(Your objective) Of all the lines below, output only those starting at the one with "Parque de estado de Fausse Pointe do lago" and ending at the one with "Cheap NFL Jerseys", both ends included, exactly as written.

(Information given)
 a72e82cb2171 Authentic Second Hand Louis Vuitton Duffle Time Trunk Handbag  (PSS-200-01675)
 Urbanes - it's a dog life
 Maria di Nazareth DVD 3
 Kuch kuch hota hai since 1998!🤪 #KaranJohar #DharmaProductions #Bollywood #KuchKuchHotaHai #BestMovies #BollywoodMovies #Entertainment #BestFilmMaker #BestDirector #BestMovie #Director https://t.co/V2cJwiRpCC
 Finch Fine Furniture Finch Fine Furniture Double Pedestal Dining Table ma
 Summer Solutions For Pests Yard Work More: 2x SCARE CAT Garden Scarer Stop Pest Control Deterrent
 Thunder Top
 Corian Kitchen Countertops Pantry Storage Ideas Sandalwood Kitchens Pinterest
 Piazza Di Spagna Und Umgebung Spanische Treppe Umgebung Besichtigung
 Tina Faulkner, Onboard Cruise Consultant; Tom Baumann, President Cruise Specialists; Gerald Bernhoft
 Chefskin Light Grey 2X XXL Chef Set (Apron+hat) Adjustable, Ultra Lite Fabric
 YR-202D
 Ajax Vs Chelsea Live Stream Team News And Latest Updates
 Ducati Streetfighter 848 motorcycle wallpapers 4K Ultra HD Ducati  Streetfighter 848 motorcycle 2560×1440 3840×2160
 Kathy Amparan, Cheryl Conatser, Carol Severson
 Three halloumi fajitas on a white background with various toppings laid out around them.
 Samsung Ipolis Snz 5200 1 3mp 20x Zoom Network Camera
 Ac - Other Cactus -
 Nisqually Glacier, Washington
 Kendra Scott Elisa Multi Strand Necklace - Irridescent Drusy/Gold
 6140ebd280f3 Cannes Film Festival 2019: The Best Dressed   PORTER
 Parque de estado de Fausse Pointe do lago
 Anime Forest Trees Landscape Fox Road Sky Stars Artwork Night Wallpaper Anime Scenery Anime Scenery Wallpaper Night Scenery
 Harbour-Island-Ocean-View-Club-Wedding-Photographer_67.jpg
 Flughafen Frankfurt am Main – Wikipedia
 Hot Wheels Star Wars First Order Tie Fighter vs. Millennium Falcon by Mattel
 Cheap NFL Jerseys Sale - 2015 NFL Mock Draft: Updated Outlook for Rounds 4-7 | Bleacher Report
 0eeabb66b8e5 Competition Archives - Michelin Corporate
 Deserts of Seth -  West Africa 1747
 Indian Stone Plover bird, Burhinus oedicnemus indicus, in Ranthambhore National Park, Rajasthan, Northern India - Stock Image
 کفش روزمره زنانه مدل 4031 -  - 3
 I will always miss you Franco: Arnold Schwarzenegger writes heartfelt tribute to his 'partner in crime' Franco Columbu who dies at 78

(Response box)
 Parque de estado de Fausse Pointe do lago
 Anime Forest Trees Landscape Fox Road Sky Stars Artwork Night Wallpaper Anime Scenery Anime Scenery Wallpaper Night Scenery
 Harbour-Island-Ocean-View-Club-Wedding-Photographer_67.jpg
 Flughafen Frankfurt am Main – Wikipedia
 Hot Wheels Star Wars First Order Tie Fighter vs. Millennium Falcon by Mattel
 Cheap NFL Jerseys Sale - 2015 NFL Mock Draft: Updated Outlook for Rounds 4-7 | Bleacher Report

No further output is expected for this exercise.